Boys grammar school in County Tyrone, Northern Ireland

The Christian Brothers Grammar School, Omagh is a state funded 11–18 boys grammar school in Omagh, County Tyrone, Northern Ireland. It is the largest grammar school in Omagh, and is under the trusteeship of the Edmund Rice Schools Trust (NI). On 14 January 1881 the school officially opened, with 121 boys presenting themselves for admission.

The school was founded on 14 January 1861, on Mount St.
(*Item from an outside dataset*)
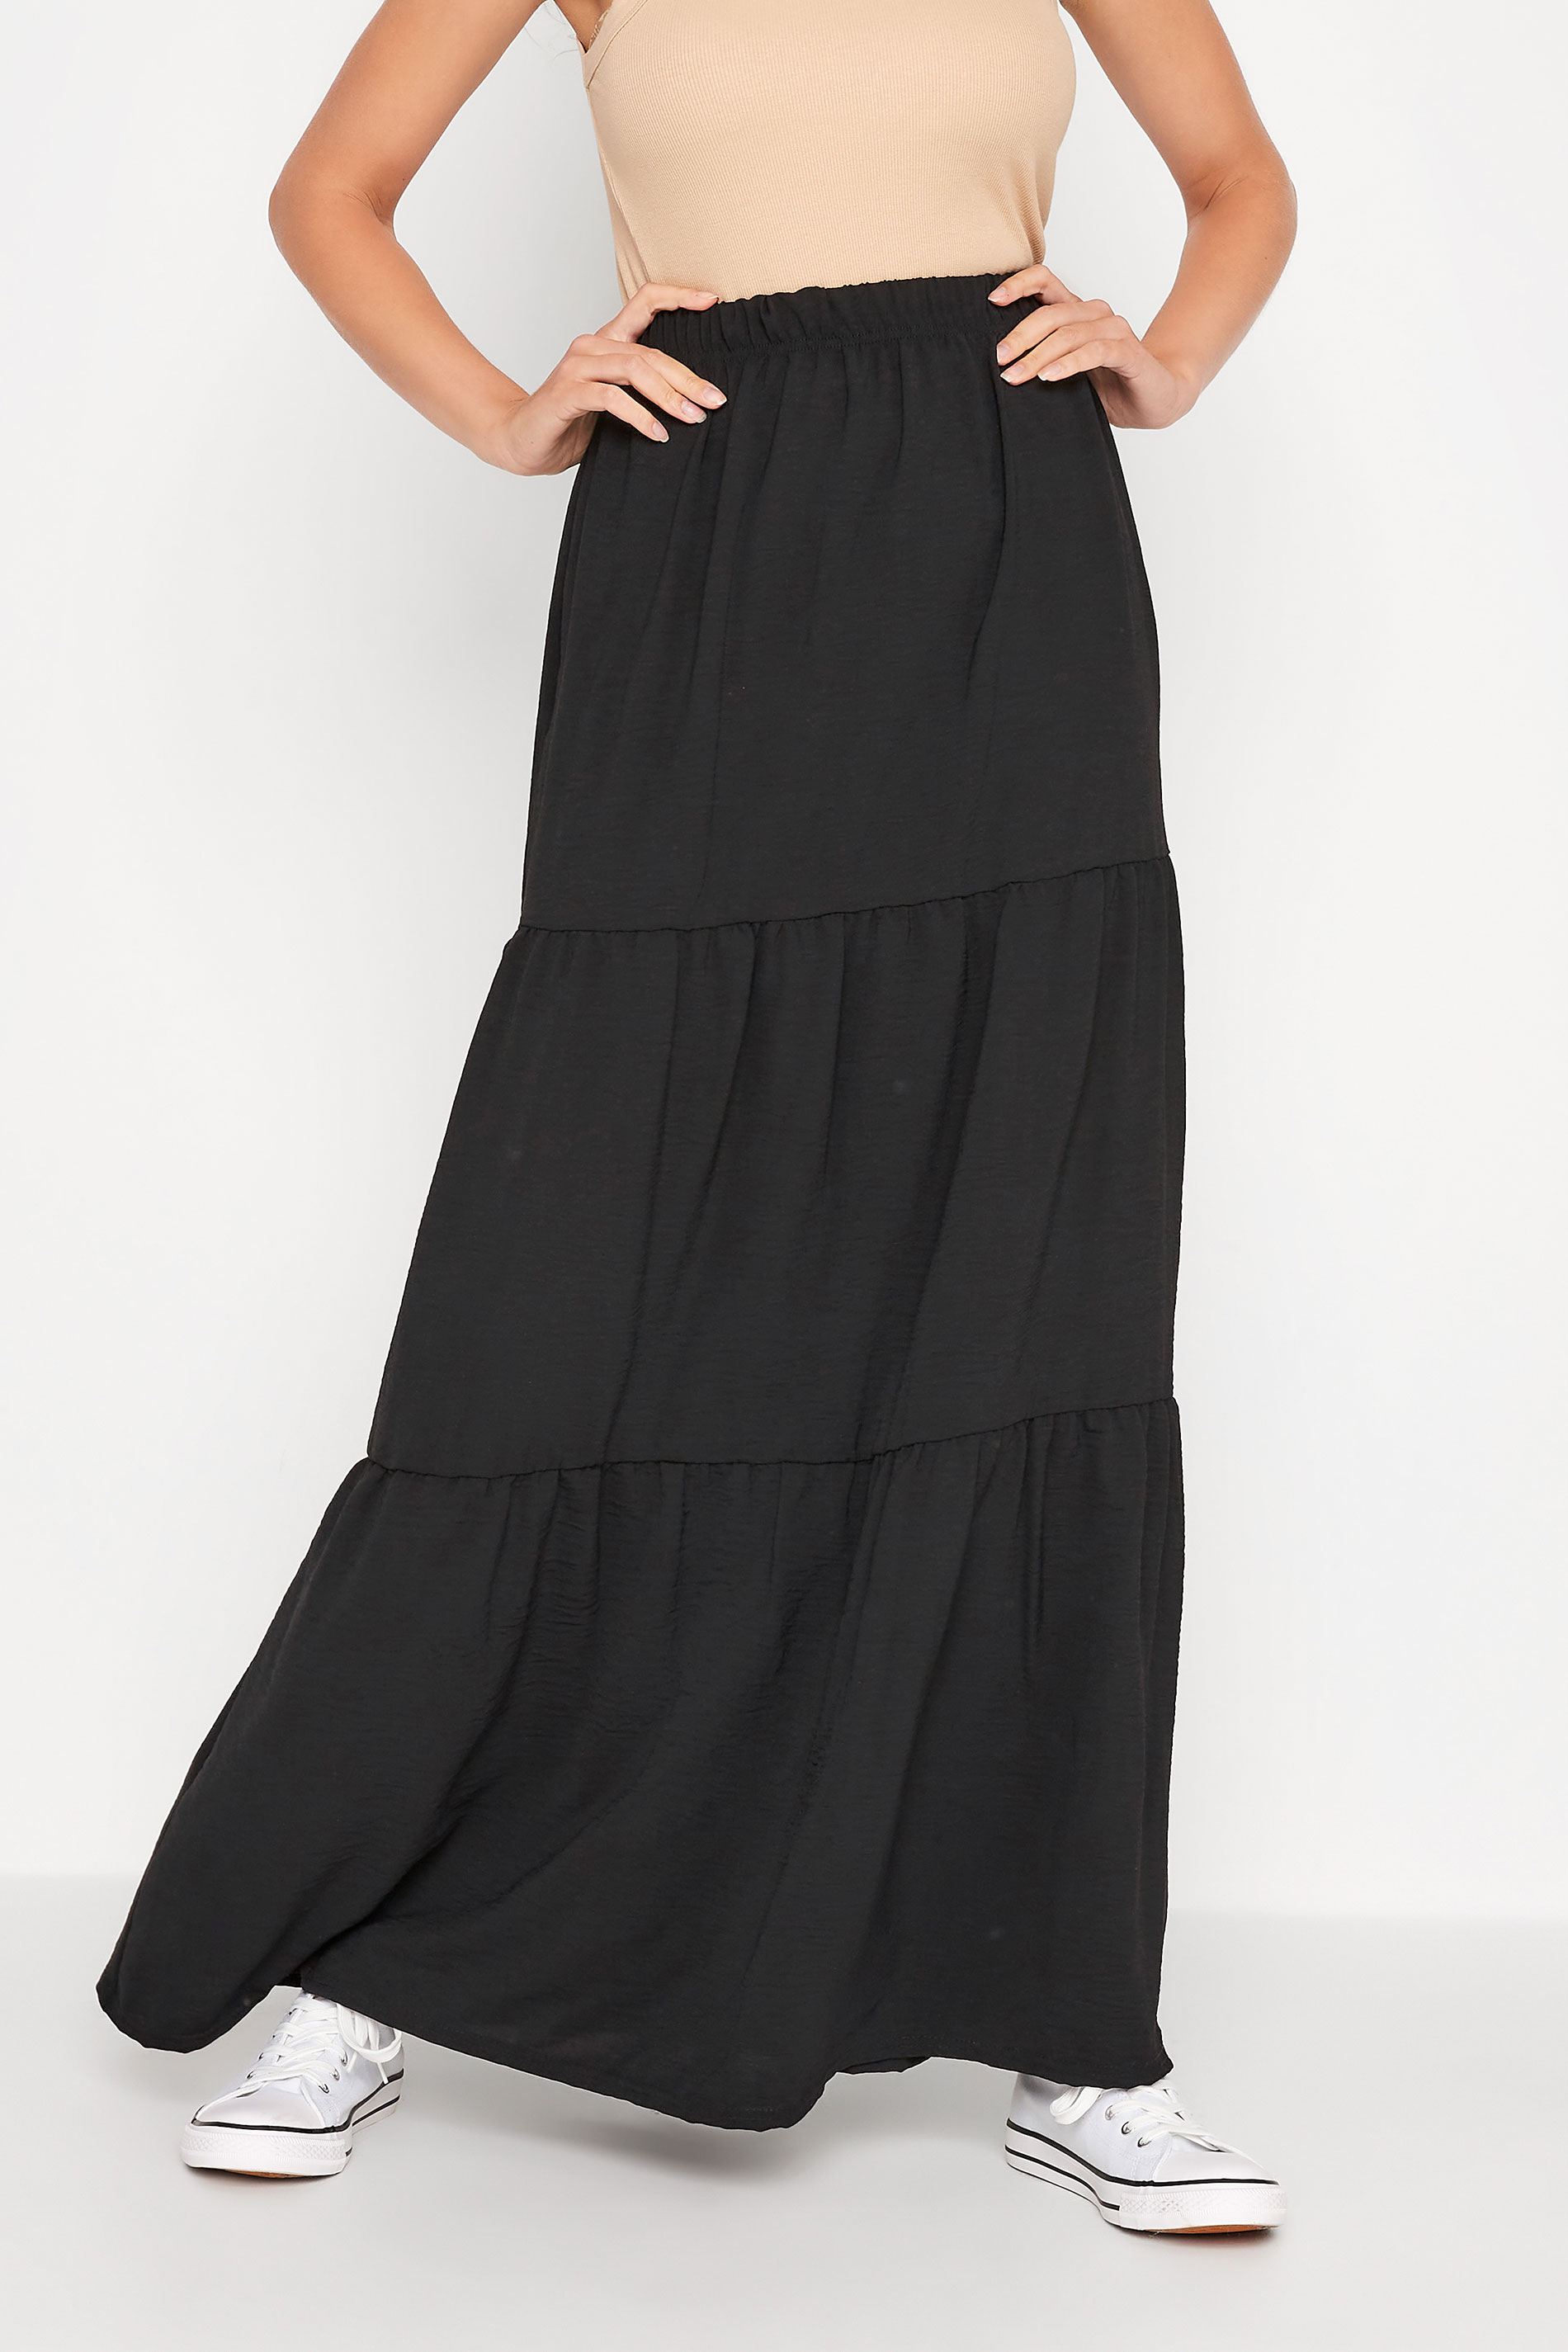 LTS Tall Women's Black Tiered Crepe Maxi Skirt | Long Tall Sally 1
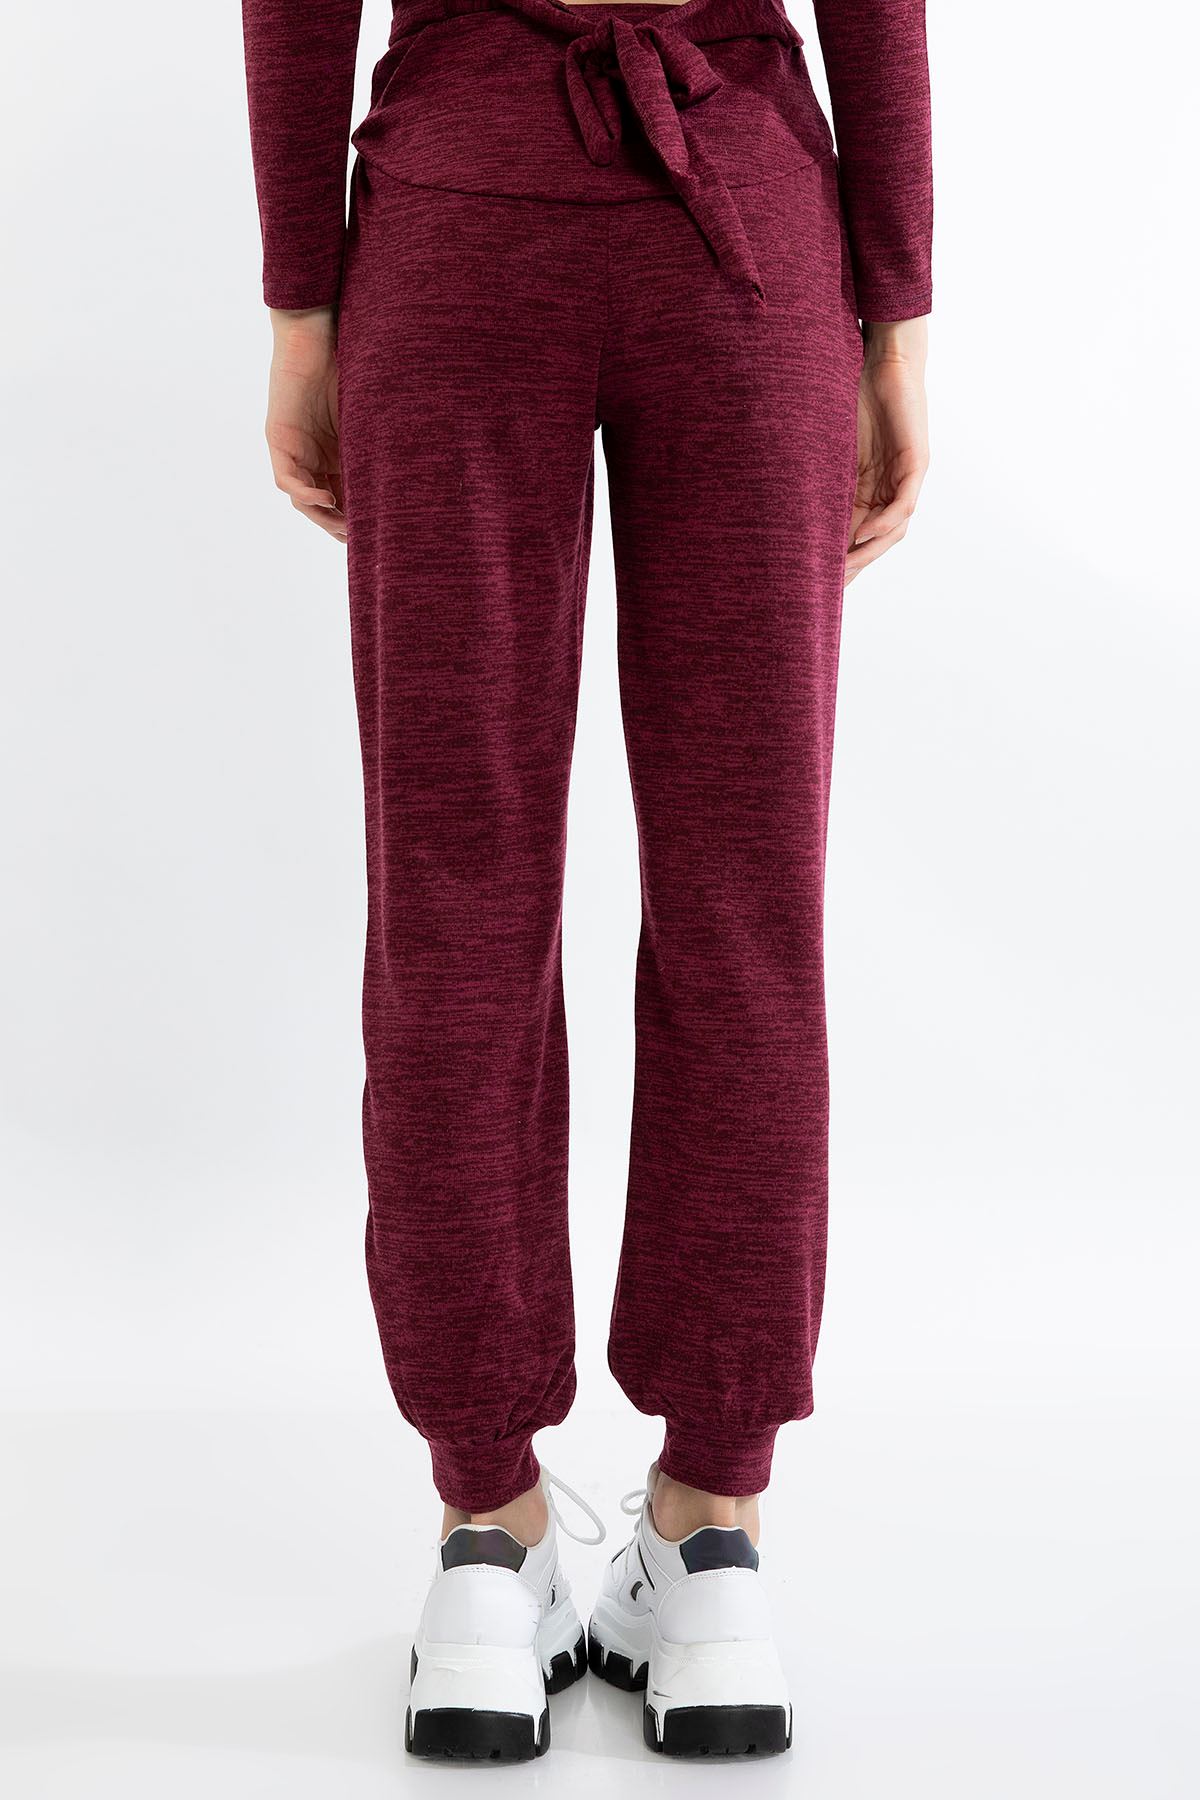 Melange Fabric Long Comfy Fit Gray Women'S Trouser - Burgundy

Columba by "The Brothers" who were in the town of Omagh, who established the school after being given the responsibility of ensuring that education was gratuitous and the students had free admission on entry. The school is known locally as "The Brothers, Omagh CBS" or Scoil Ghramadaí na mBráithre Críostaí, An Omaigh, which is its native name in Irish.

==History==
===Establishment===
The school was founded on 14 January 1861, on Mount St. Columba. "The Brothers" in Omagh were given the responsibility of ensuring that "Education be gratuitous and the admission free." On 14 January 1861 the school officially opened, with 121 boys presenting themselves for admission.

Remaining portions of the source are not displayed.